Some days like today are just long, where every minute stretches into an hour. I am burdened with the guilt and shame of not having close relationships, and of not fulfilling my dreams I had once set out to do–I do not know if it is because of the way that I am, or because of the depression…but as long as I have this disease I will never know for sure.
My hopes and dreams have vanished, and yet there’s still a part of me that keeps fighting on. I don’t know why, maybe it is all the nutrition and exercising and taking care of myself that keeps me pushing. My heart weeps that no amount of goodness I do for myself has any affect on my horrible mood; I want to believe in every treatment I try…and I have tried many, everything from acupuncture to homeopathy, not to mention dozens of medicines and nutritional supplements.
Maybe I should feel this way, maybe it’s nature’s course I don’t know.
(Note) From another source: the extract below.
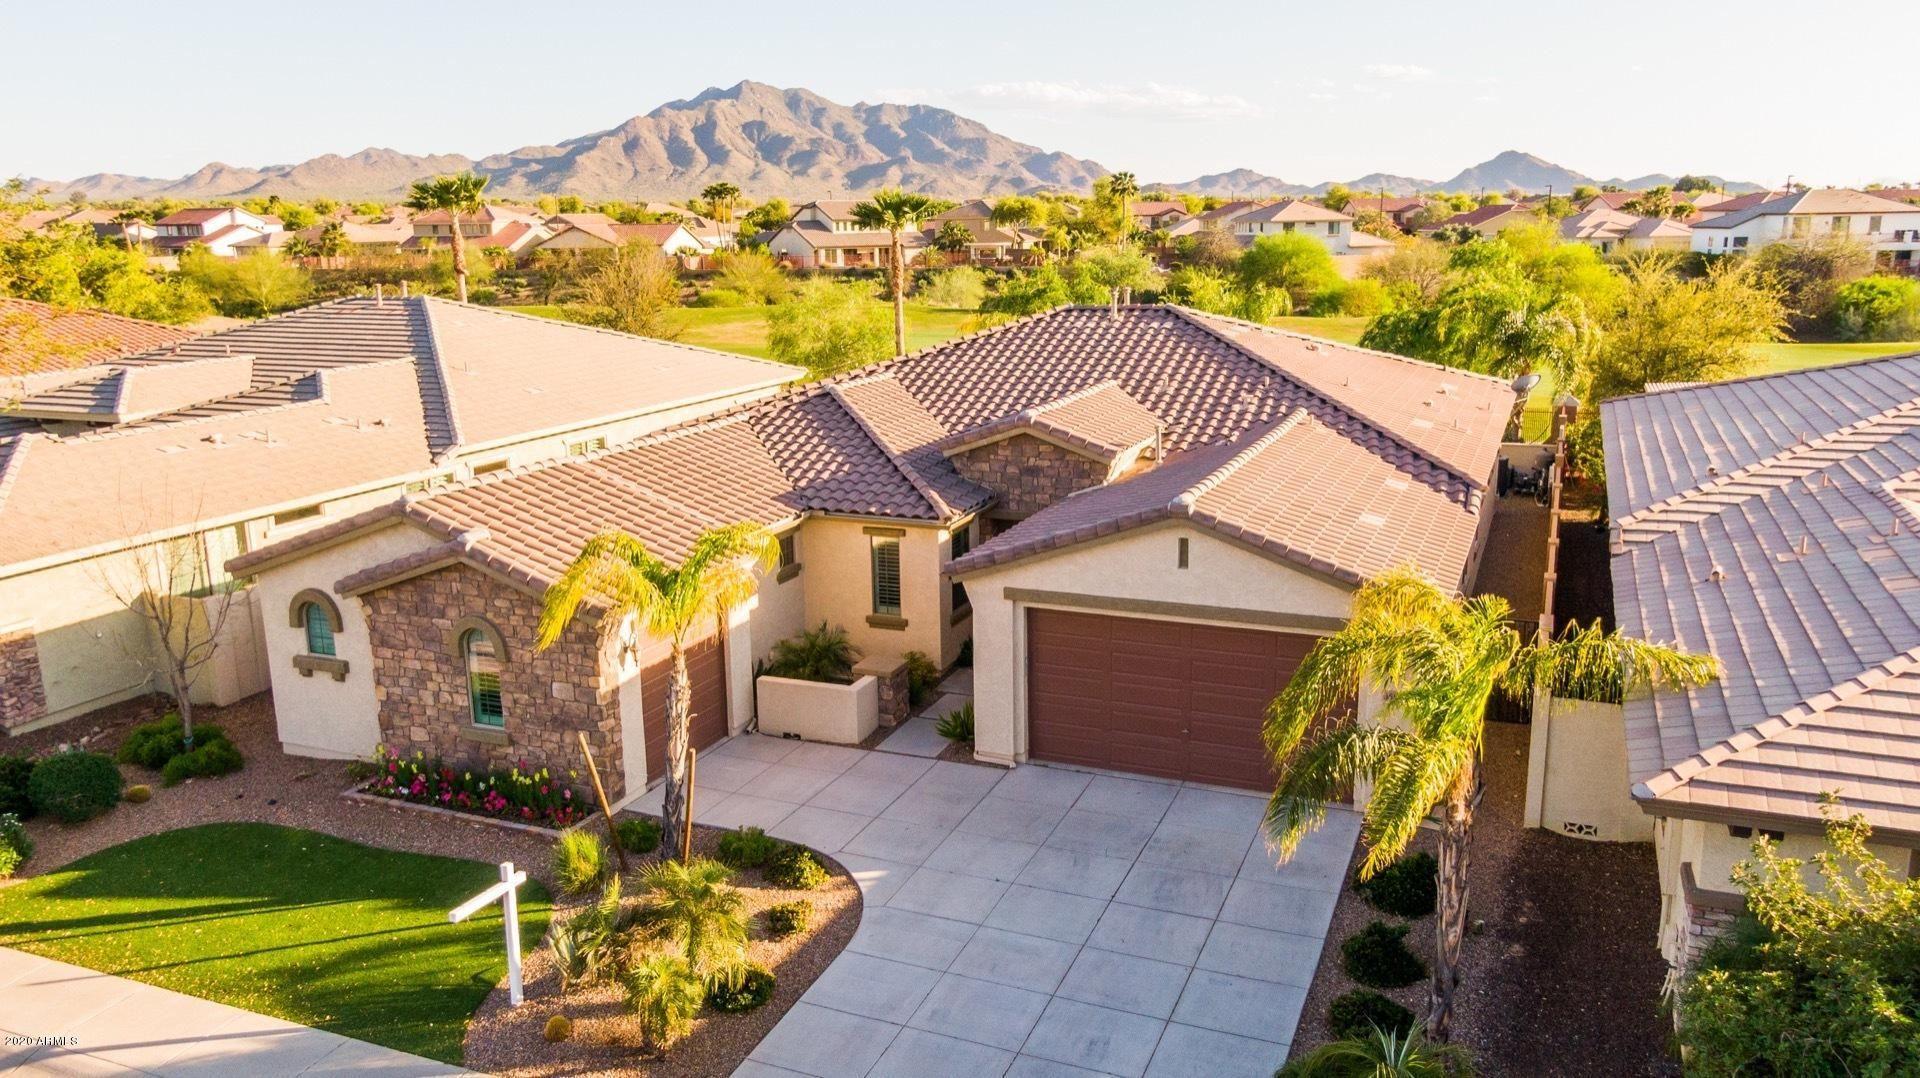 3557 E SPORTS Drive, Gilbert, AZ 85298 - #: 6061830

I know that I feel doubly bad for anyone else hit with this disease who has not been as lucky as I in other ways. I fortunately have a job that lets me slide in how late I come in and how long I work. I have a good mind, and no other health problems. But due to the double whammy of social-difficulty and depression I have zero self esteem and fully expect to have a shortened lifespan. Loneliness and grief are real, despite not being medically quantifiable.
For now as much as I can I am going to try to give up control. I also want to try TMS as well. We’ll see.